Basic principle
We describe the basic steps to follow in the training_script.m and prediction_script.m Matlab scripts. You can use the training sets and stacks from out Zenodo archive for testing purposes, or you can use your own Z-stacks.
We define z-pixels as the pixel intensity of a certain pixel throughout all frames in one Z-stack. We noted that, depending on the object being observed, the "signature" of that z-pixel would differ. The basic idea is that by manually labelling z-pixels in z-stacks and then feeding those training sets into machine learning classifiers, we are able to then predict labelling of other datasets for image segmentation purposes.
Therefore the first step for the user will be to design training sets using our custom graphical interface.

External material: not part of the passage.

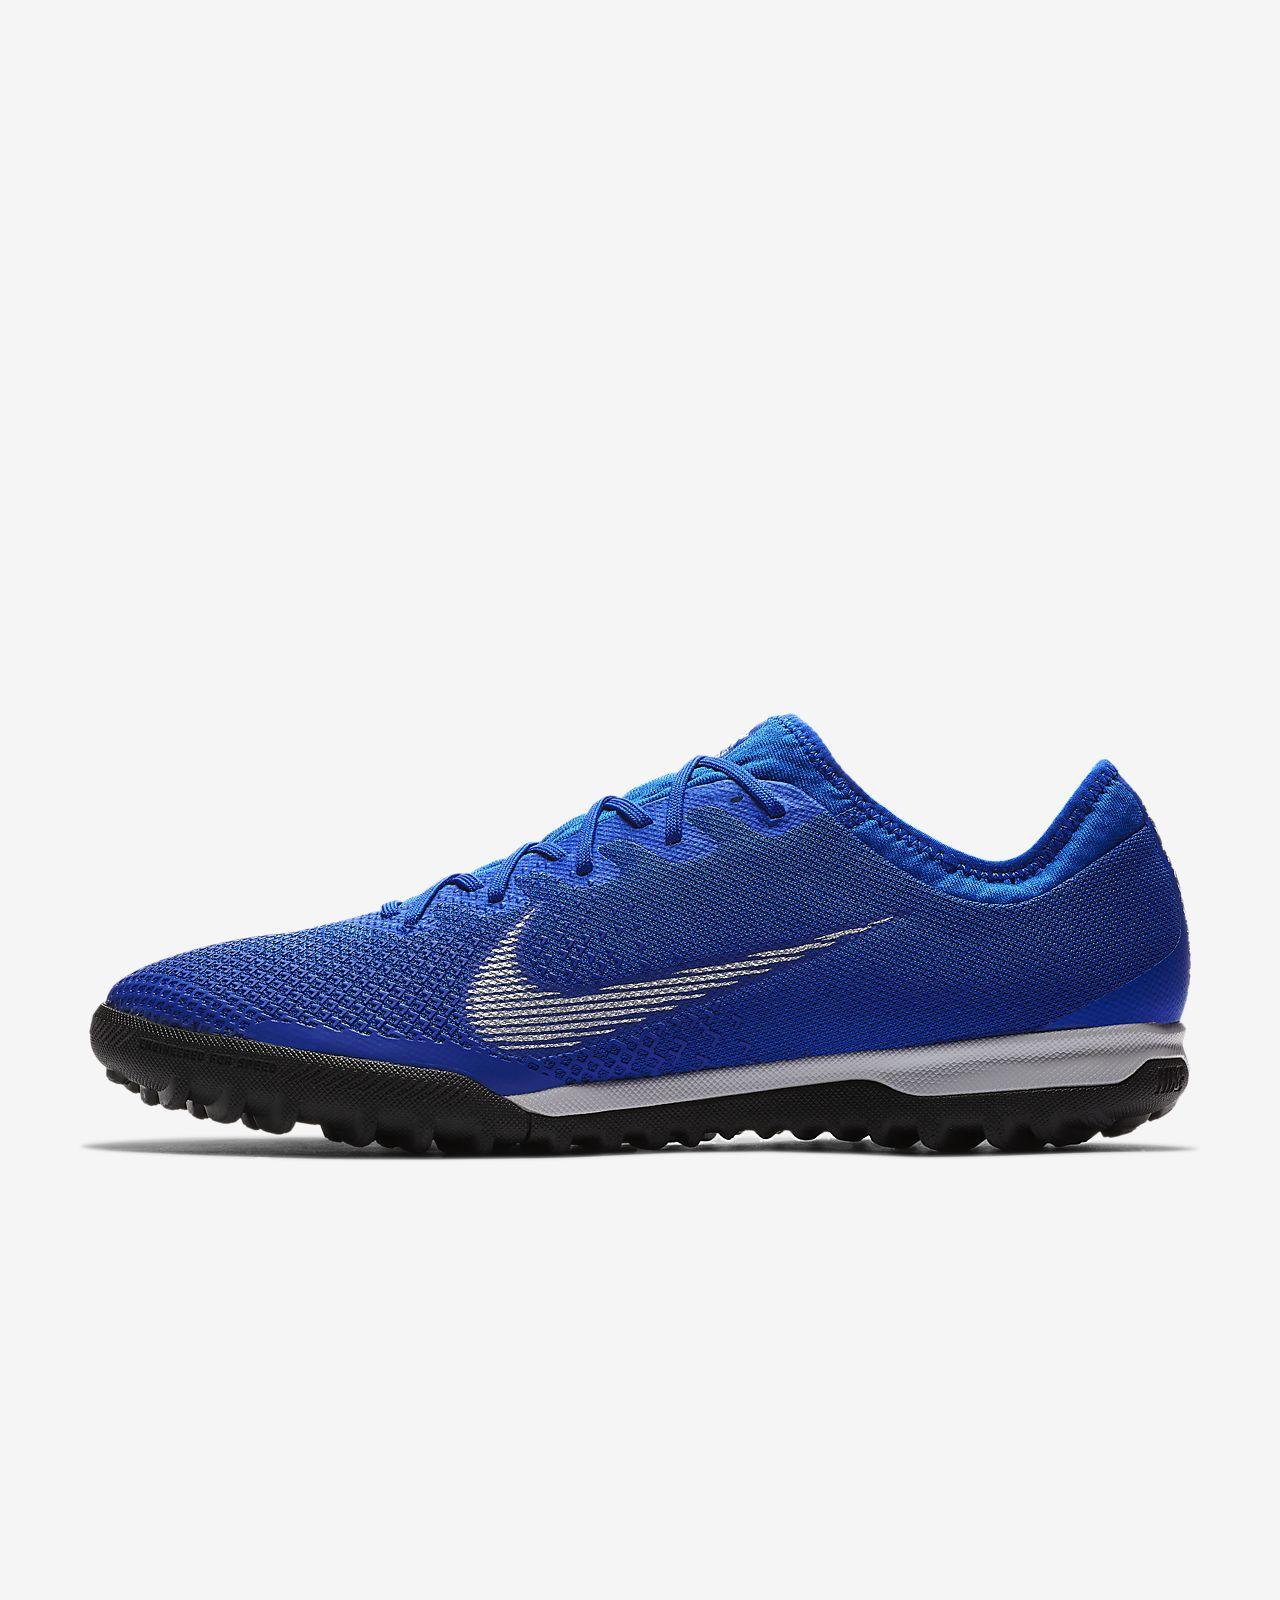 best website 67fdb 3c3f1 Nike MercurialX Vapor XII Pro TF

Once manually or semi-automatically labelled training sets have been generated, data can be extracted and formatted for training.
Before formatting, we introduced the possibility for preprocessing image functions to be performed on the frames in the Z-stacks: this allows for the incorporation via various possible operations of information on the neighborhood of each Z-pixel. This step multiplies the number of elements per z-pixel by however many preprocessing steps are being performed. This might cause memory issues. We advise downsampling for PCA estimation.

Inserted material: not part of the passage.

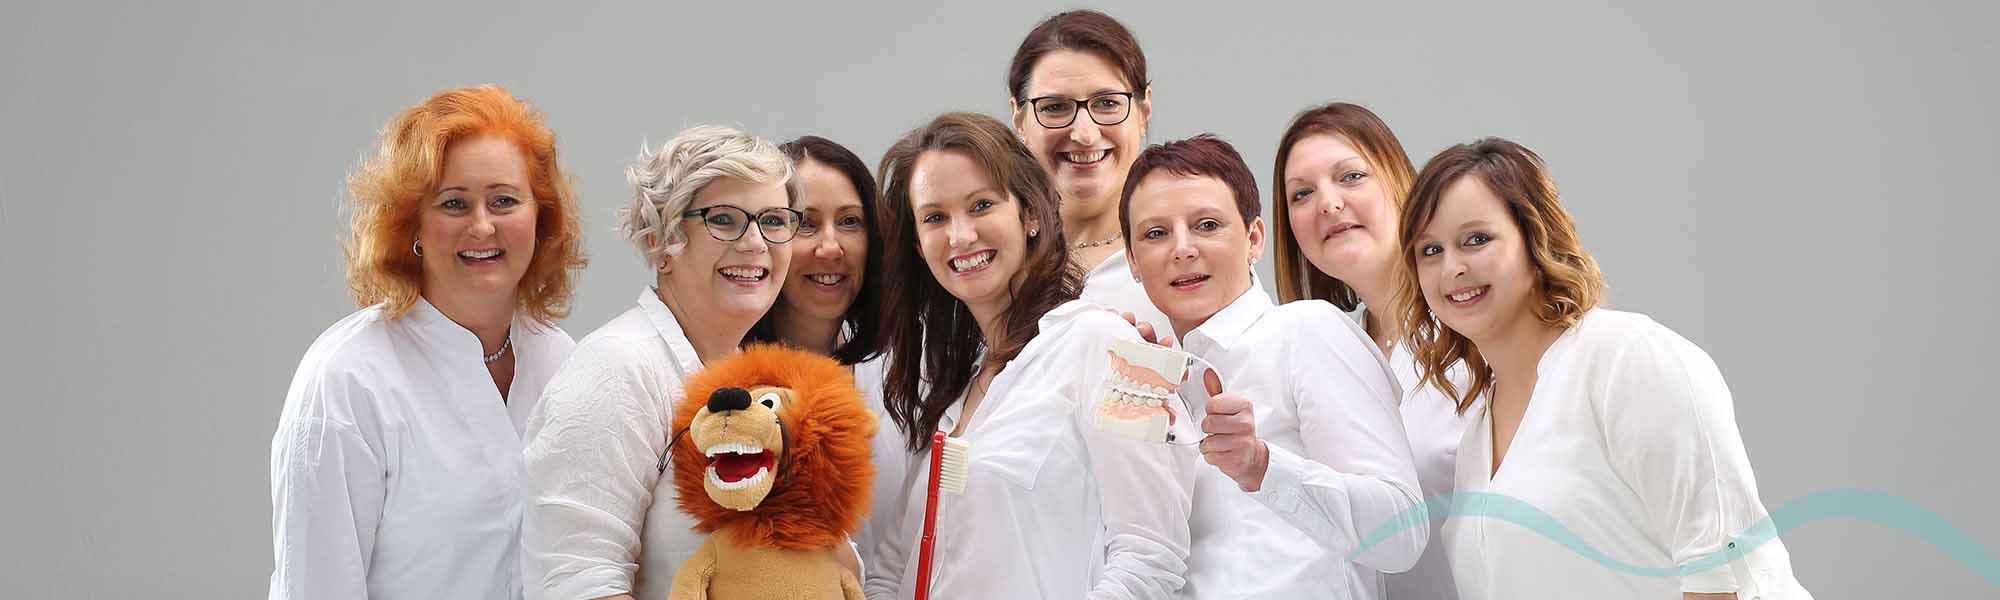 Prophylaxe für Kinder | Zahnarzt Dr  Holler & Kollegen Arzberg

Principal component analysis is then performed on the extracted data to reduce dimensionality. The user specifies a number of principal components to keep, which makes it possible to keep a large percentage of the information in the datasets while drastically reducing the number of components per observation. This is a common procedure in hyperspectral image analysis, which inspired this approach to microscopy images, to circumvent the curse of dimensionality. There are a number of other ways to go about it but this is probably the easiest one to implement and use. An axis of improvement would definitely be to look into other feature extraction techniques.
Once data has been extracted and formatted, machine learning classifiers can be trained on it. We currently support two types of classifiers, Support Vector Machines and Random Forests.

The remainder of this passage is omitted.